Zum Glück war der Brief noch vor Freitag angekommen. Tony würde mich sicher verstehen. Ich konnte es kaum abwarten mit ihm zu sprechen.
Wir sprachen wie verabredet am Freitag und danach ging ich zu Heffer’s Buchladen. Meine Eltern waren schon da. Der neue Roman ‘Talk to the Wind’ von Frederick Humphrey wurde vorgestellt. Frederick Humphrey war ein berühmter Schriftsteller - und er war mein Großvater.

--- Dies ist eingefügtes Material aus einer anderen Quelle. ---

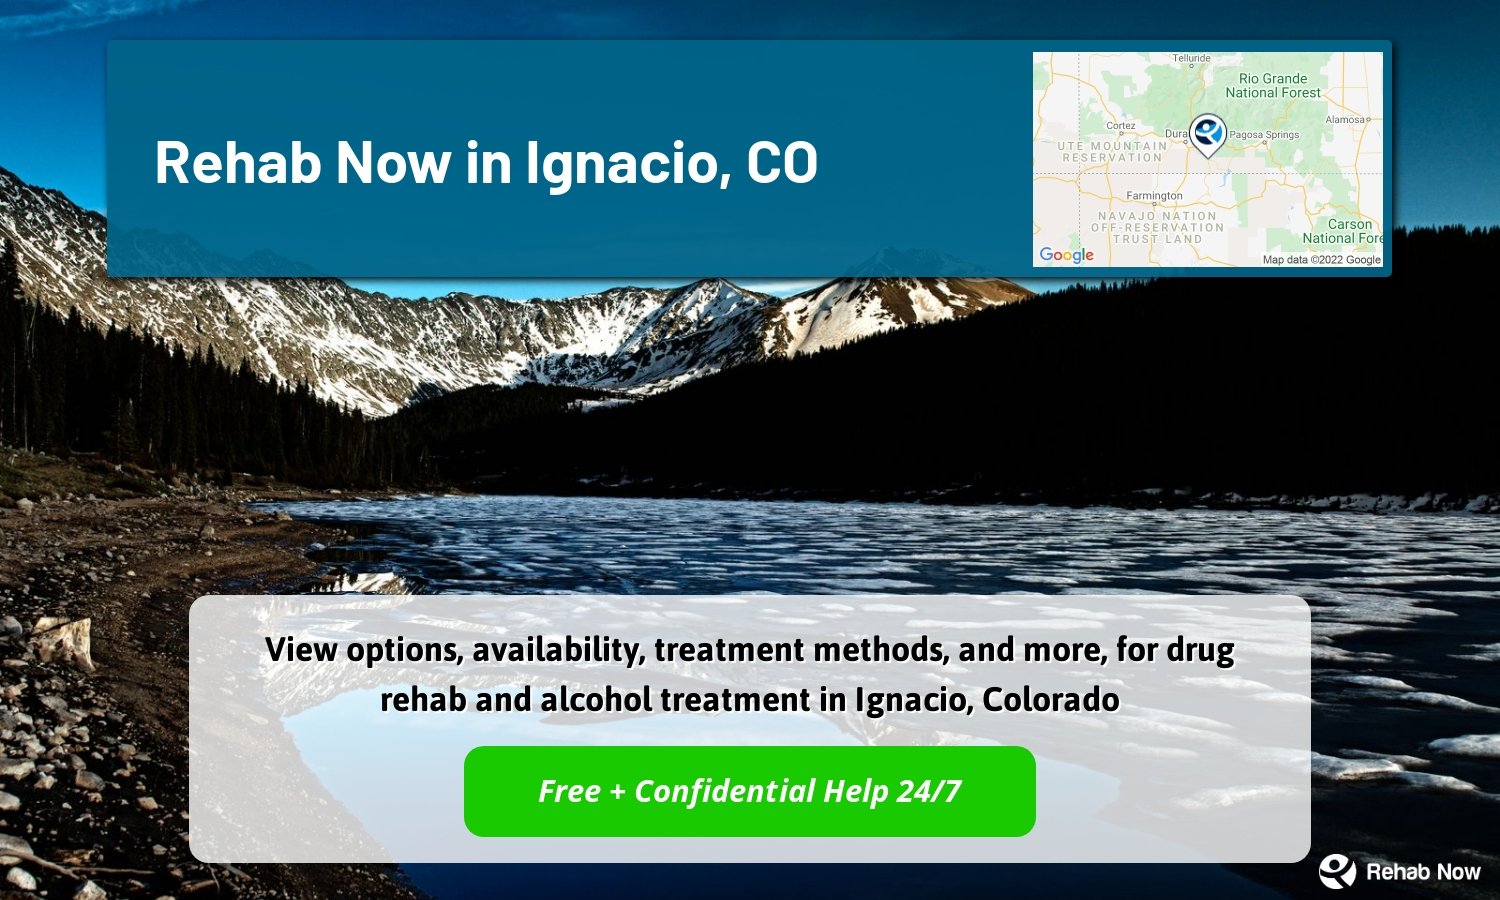 View options, availability, treatment methods, and more, for drug rehab and alcohol treatment in Ignacio, Colorado

Der Text auf dem Umschlag versprach einen aufregenden Kriminalroman vor dem Hintergrund Kenias der zwanziger Jahren. ‘Furcht verbreitet sich in der dekadenten Kolonialgesellschaft Nairobis, als...’
Gewöhnlich war der Umschlag alles was ich von Grandpas Büchern las. Ich wollte seine Gefühle nicht verletzen. Vielleicht mochte ich sein Buch ja nicht. Grandpas Foto lächelte mich an. Er hatte klassische Züge, volles, graues Haar und sah gut aus für 72. Im Moment saß Grandpa im Laden drinnen hinter einem Tisch und signierte Bücher.